Action item.
For this exercise, copy exactly every line from the one holding "CHILE - Stationery." through the end of the data, both included. Omit pictures.

Raw data.
###

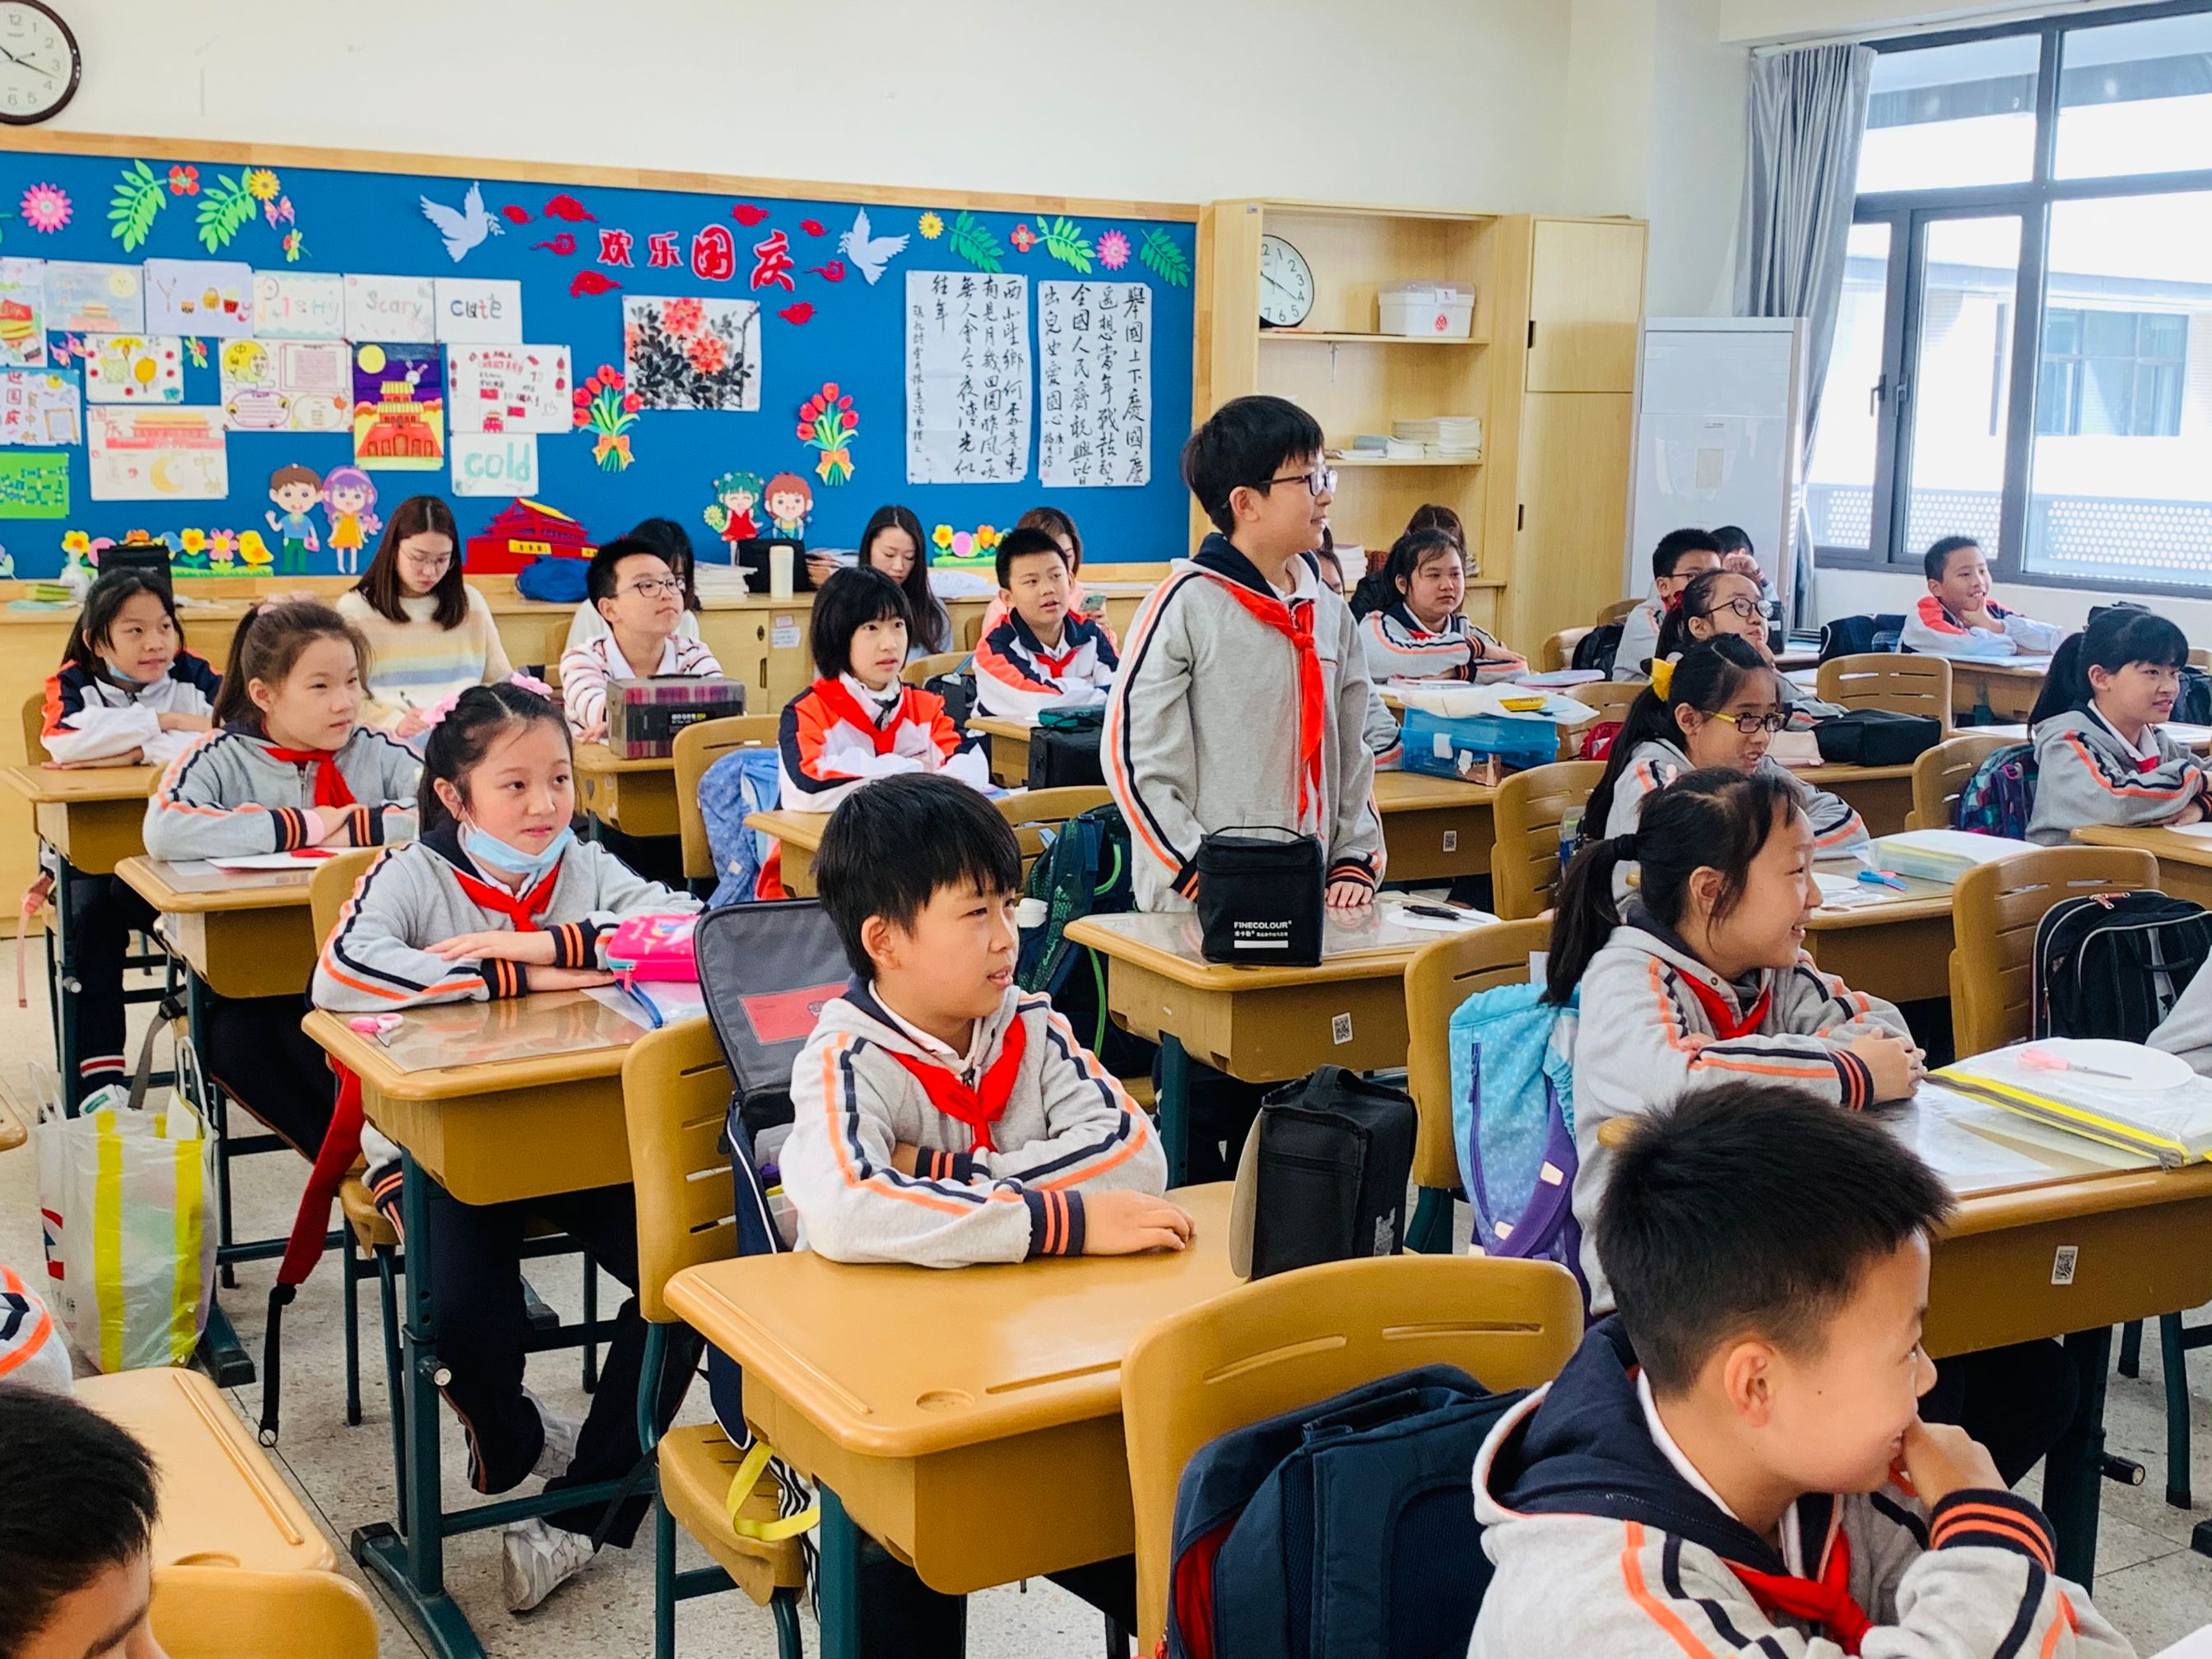 上课教室-校园风貌|北京市朝阳区北外附校双语学校
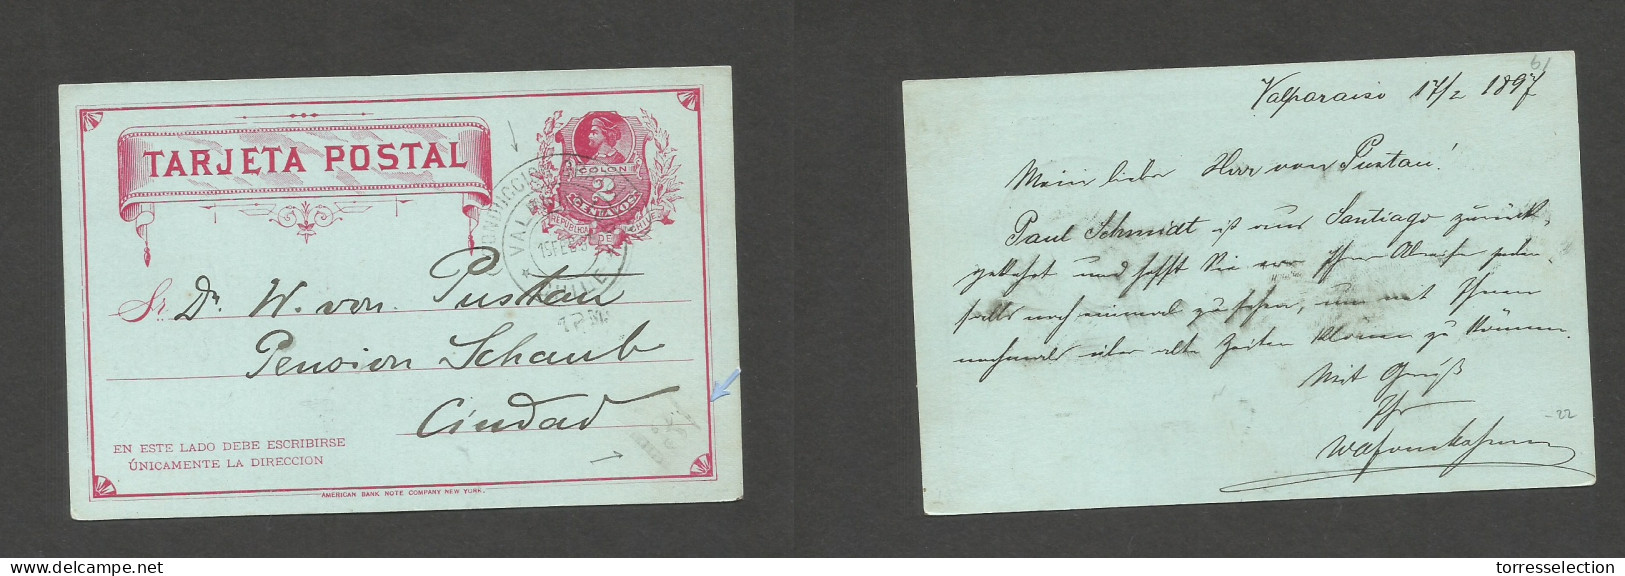 CHILE - Stationery. 1897 (17 Feb) Valp Local 2c Red Stat Card Usage. Conduccion Gratuita Cachet + "3" Box District Valp. - Chile
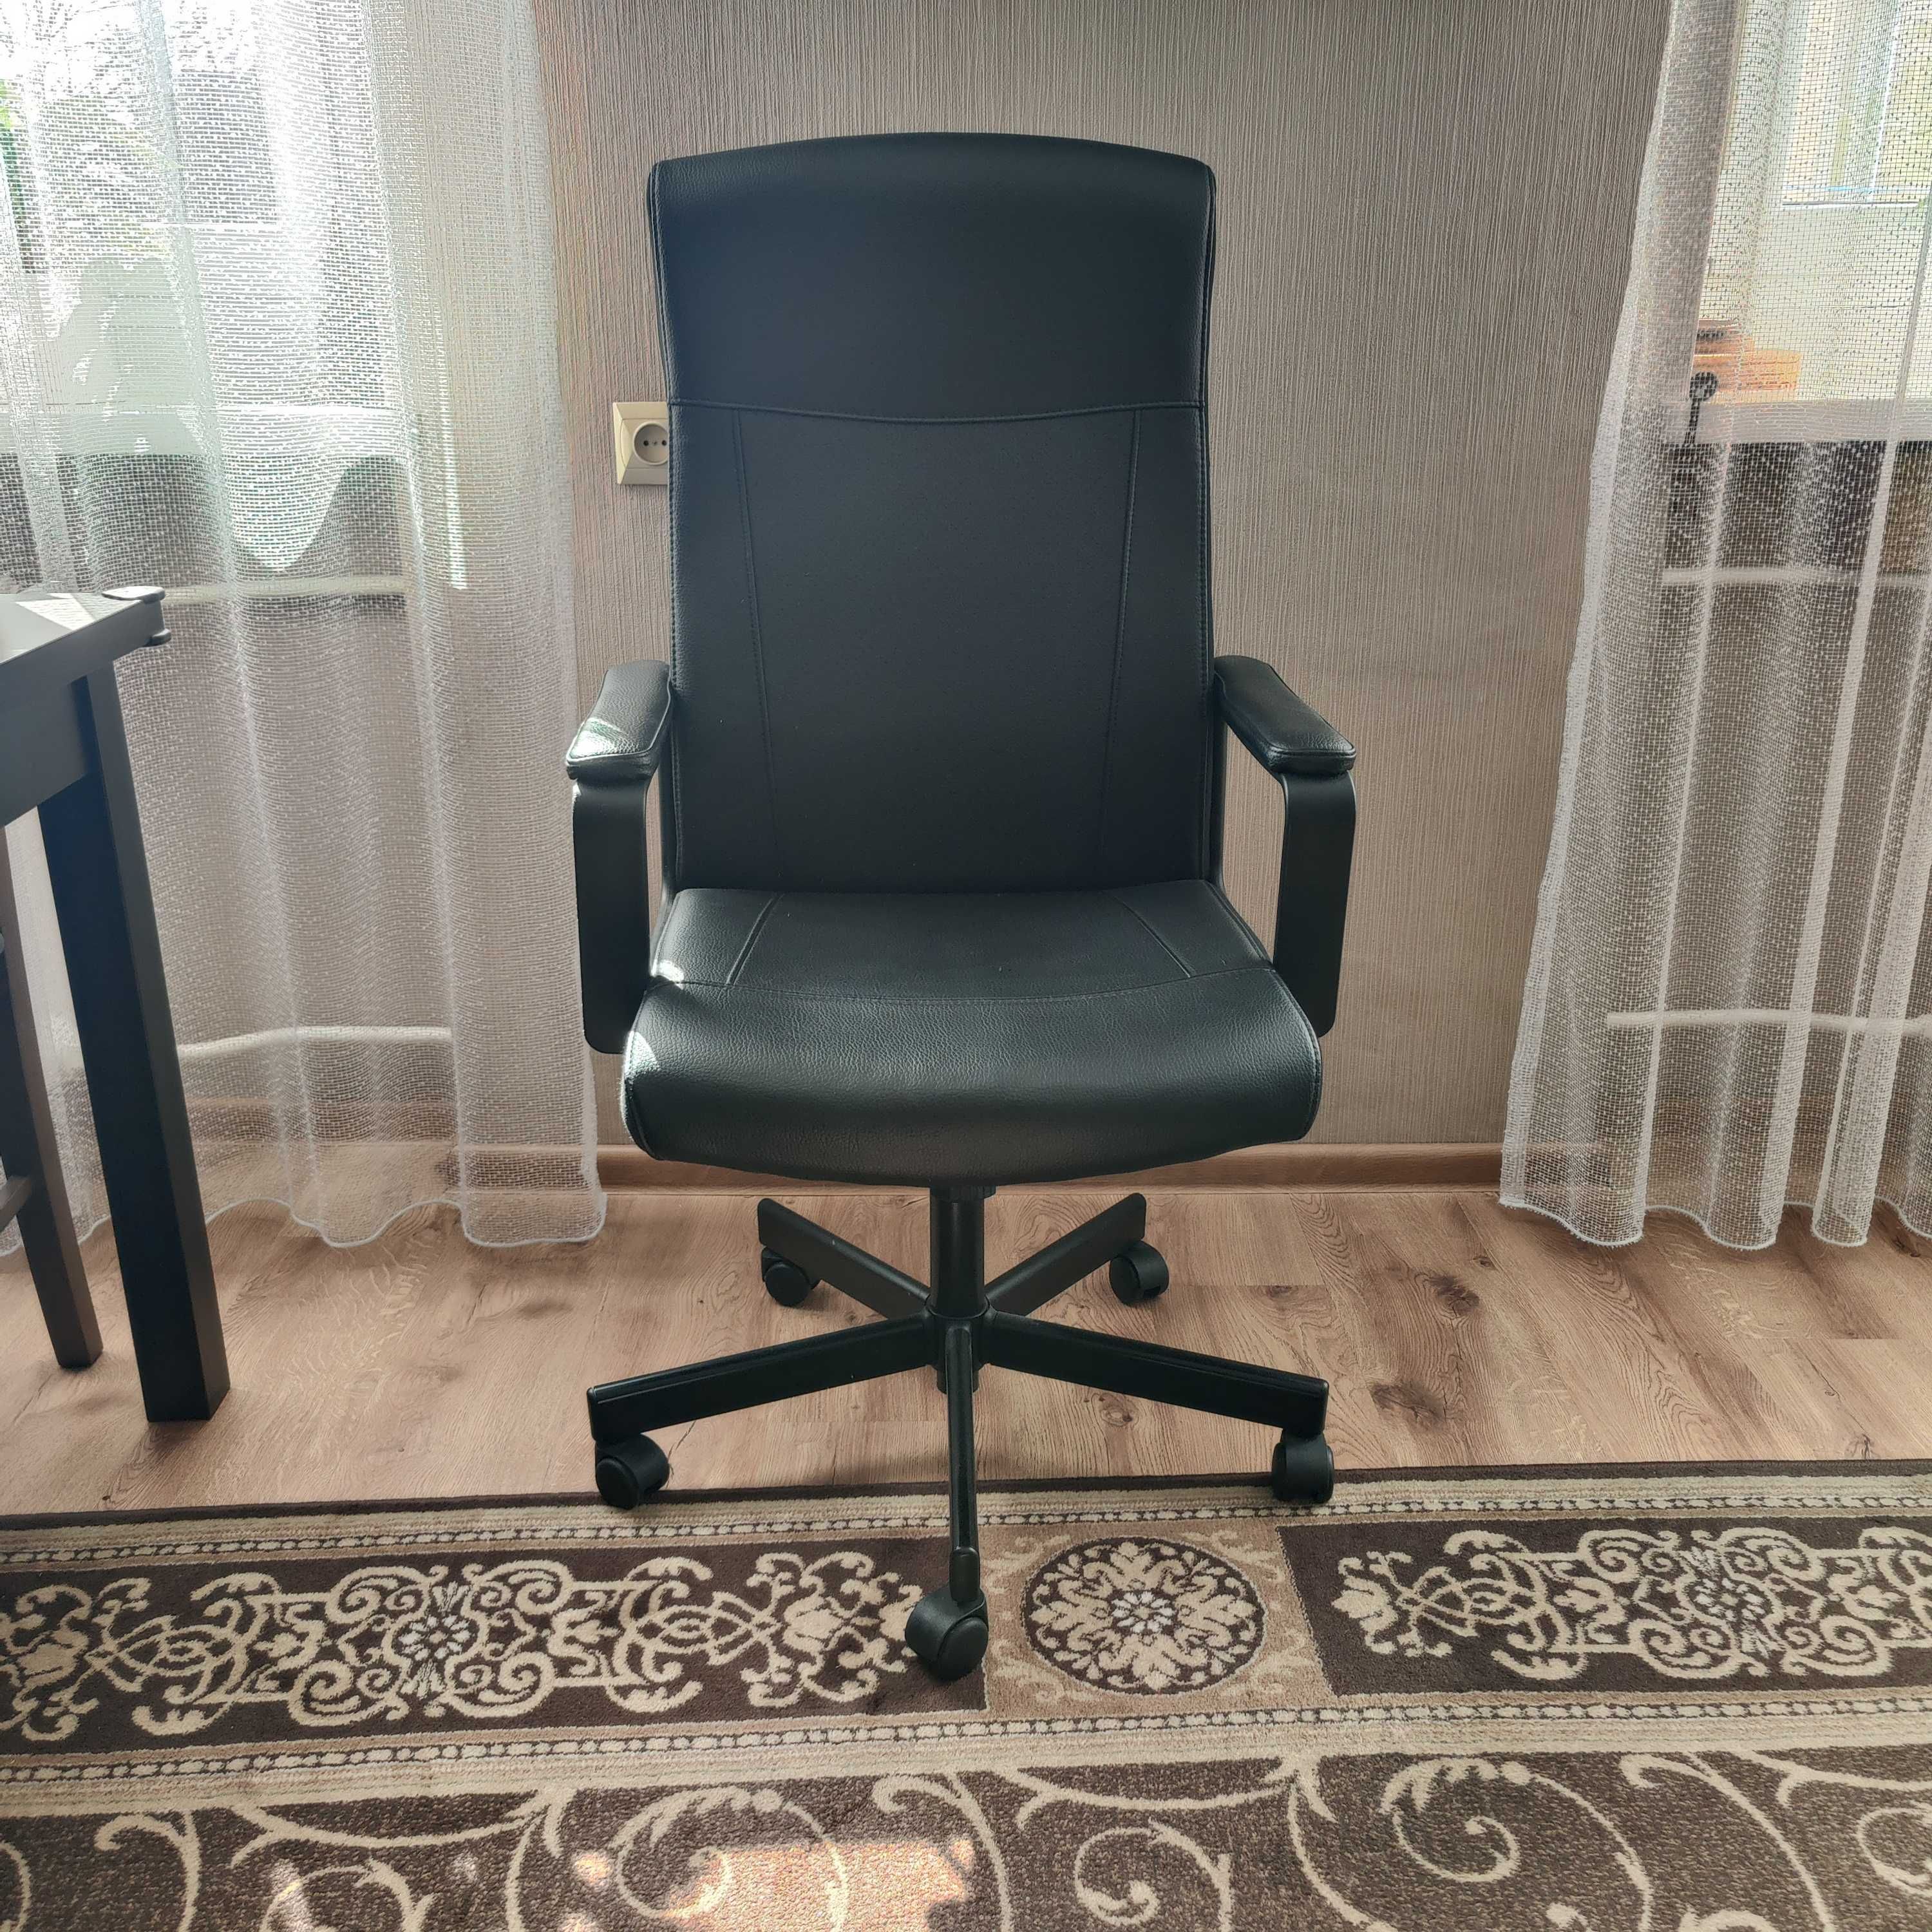 Krzesło obrotowe do biura

###

Answer.
 CHILE - Stationery. 1897 (17 Feb) Valp Local 2c Red Stat Card Usage. Conduccion Gratuita Cachet + "3" Box District Valp. - Chile
 Krzesło obrotowe do biura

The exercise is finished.